BOZEMAN, Mont. (AP) – Montana residents are used to digging out from snowstorms, but residents of one neighborhood had to put a snowplow to different use: clearing mounds of tumbleweed from their driveways.
Strong wind blew the tumbleweed in on Tuesday, covering sheds, burying mailboxes and blocking a street and driveways. On Shooting Star Lane, residents had to use a snowplow and pitchforks to clear it out.
Cindy Bowker had to tunnel through the weeds to get to her car.
“It was up over the headlights,” she said. “It was all the way up the steps and covered our front door.”
A few residents blamed a nearby farm for the problem.
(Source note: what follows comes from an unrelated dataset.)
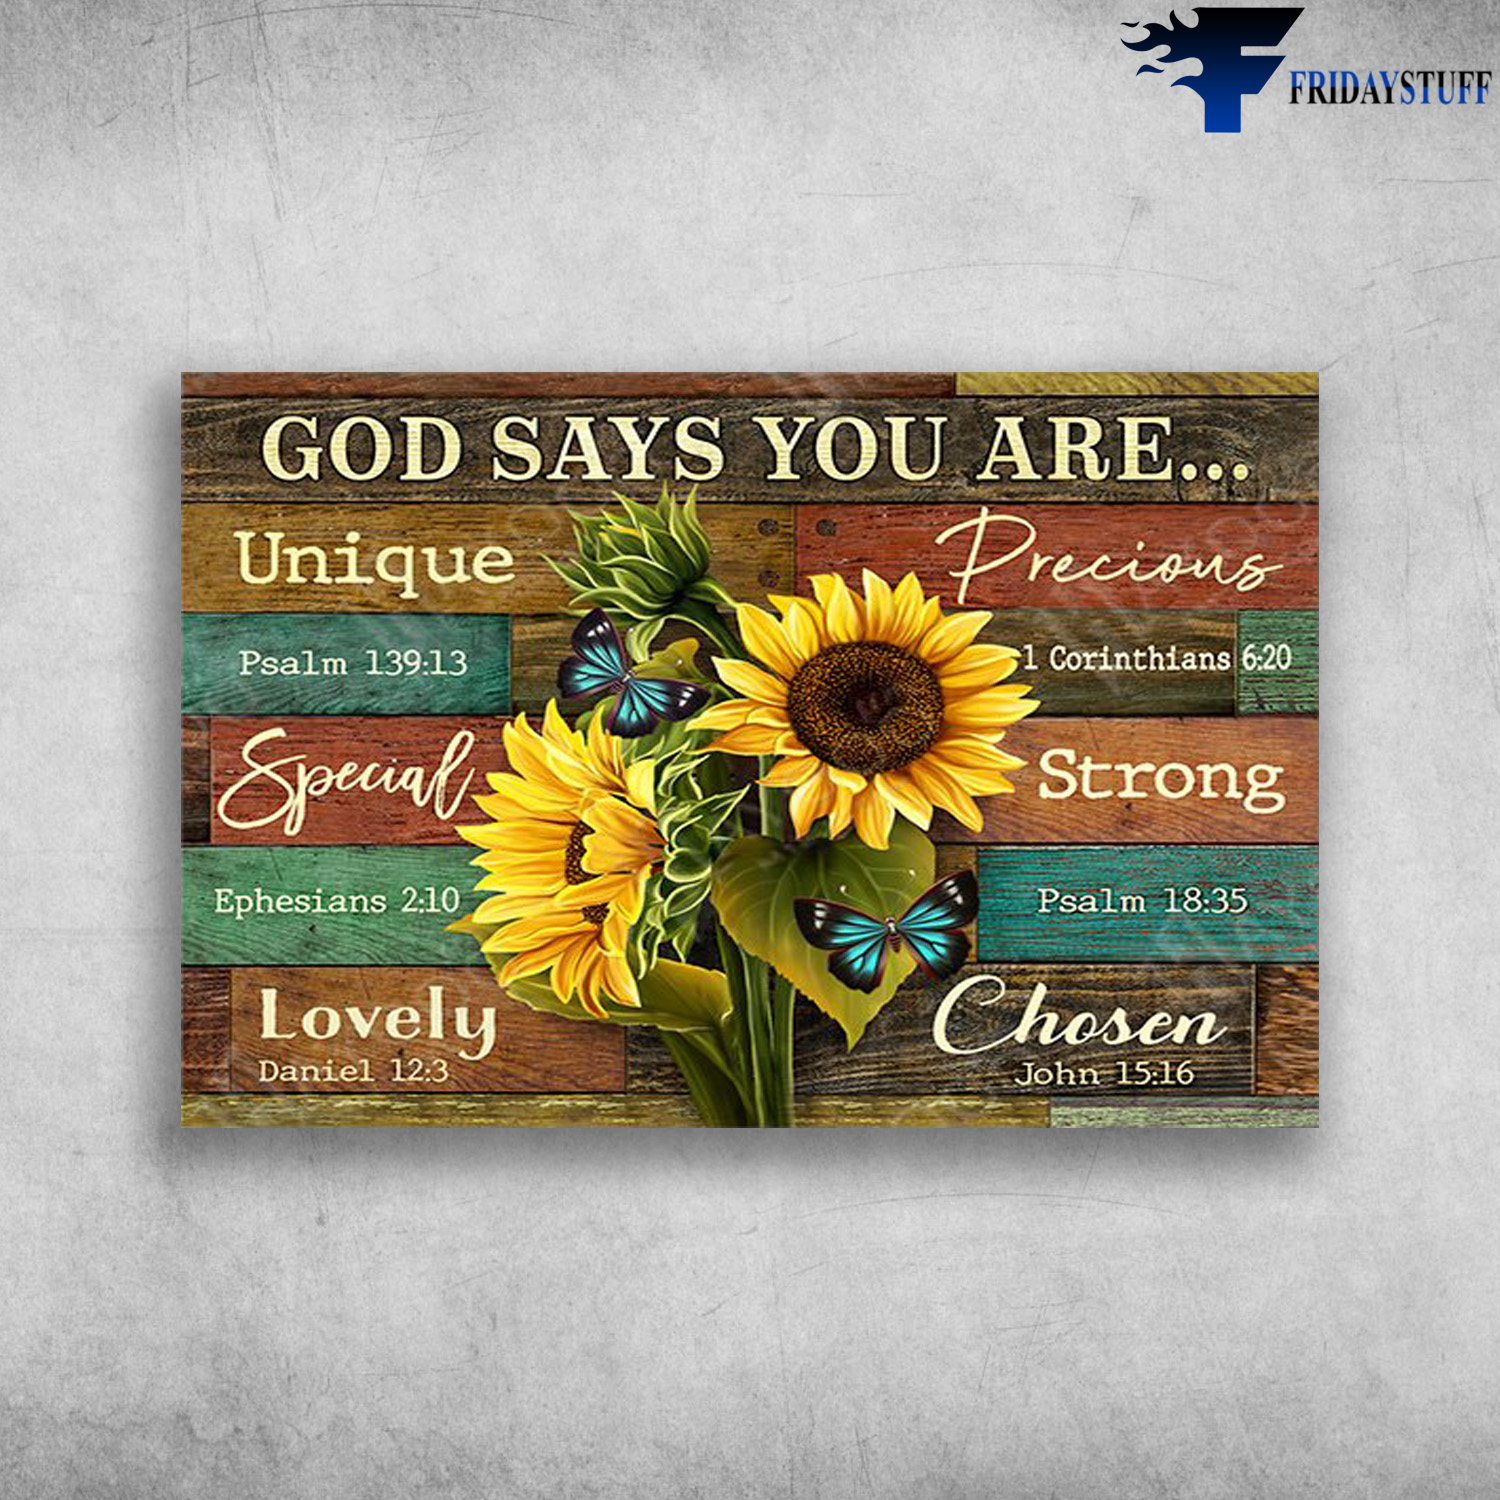 Butterfly And Sunflower - God Says You Are Unique, Precious, Special, Strong, Lovely, Chosen
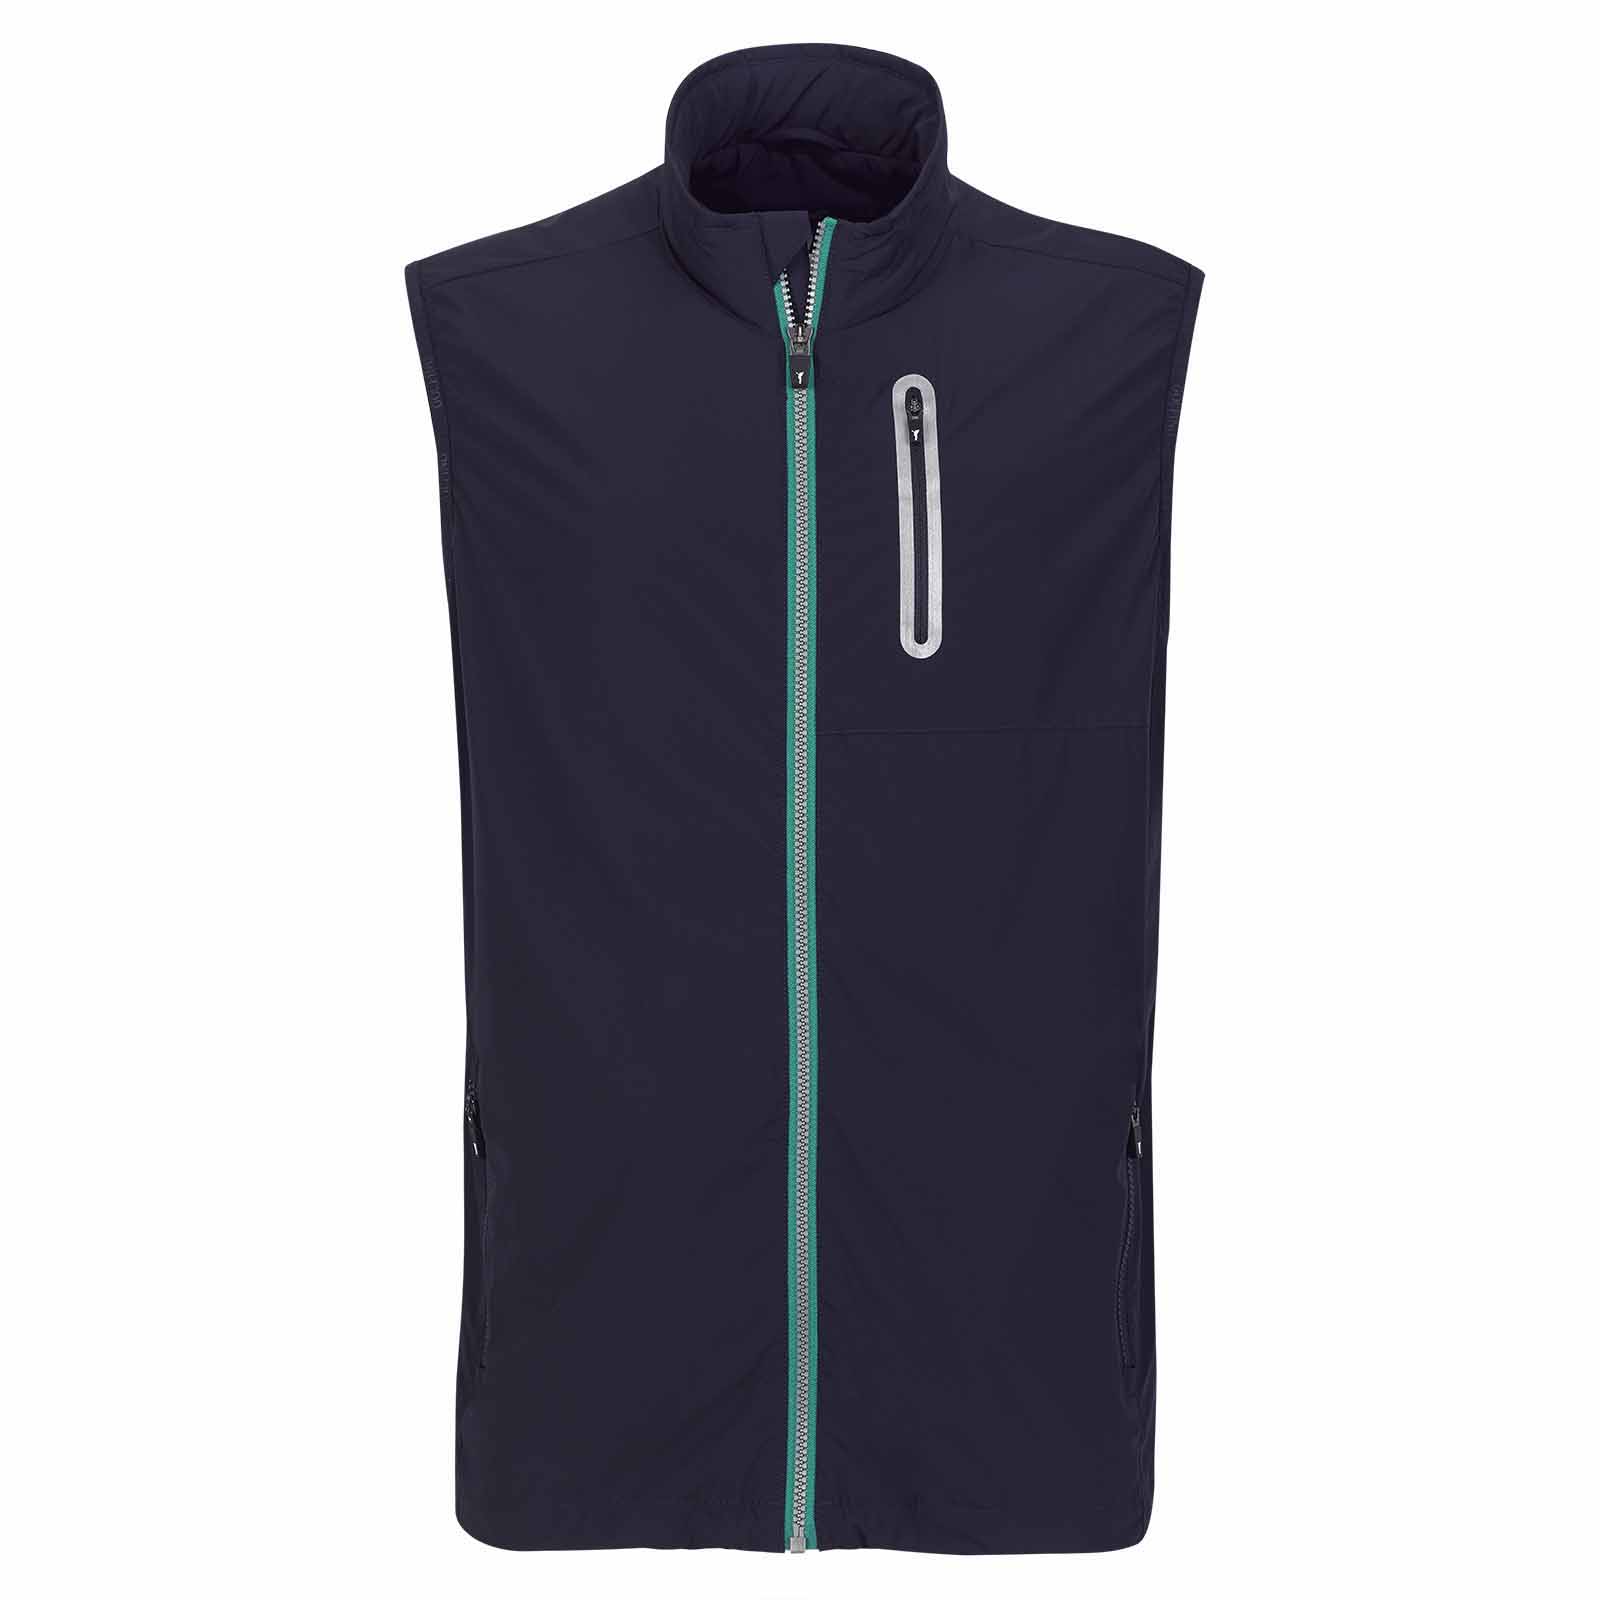 Men's golfing gilet with extra stretch comfort in pro- look

Half the farm’s crop went bad last year, and the weeds sprouted on about 80 acres, Bowker said.
City slickers have gotten a romantic view of tumbleweed from watching Westerns on TV, but the nonnative plants, also known as Russian thistle, can be pesky and resilient.
They dry out after maturing, break off at ground level and then roll wherever the wind takes them, spreading their seeds in the process.
Across the street from Bowker, Hank and Jan Mueller’s shed, camper and driveway were covered with tumbleweed.
“We’ve had blizzards up here, but this was not like anything we have ever seen,” Jan Mueller said.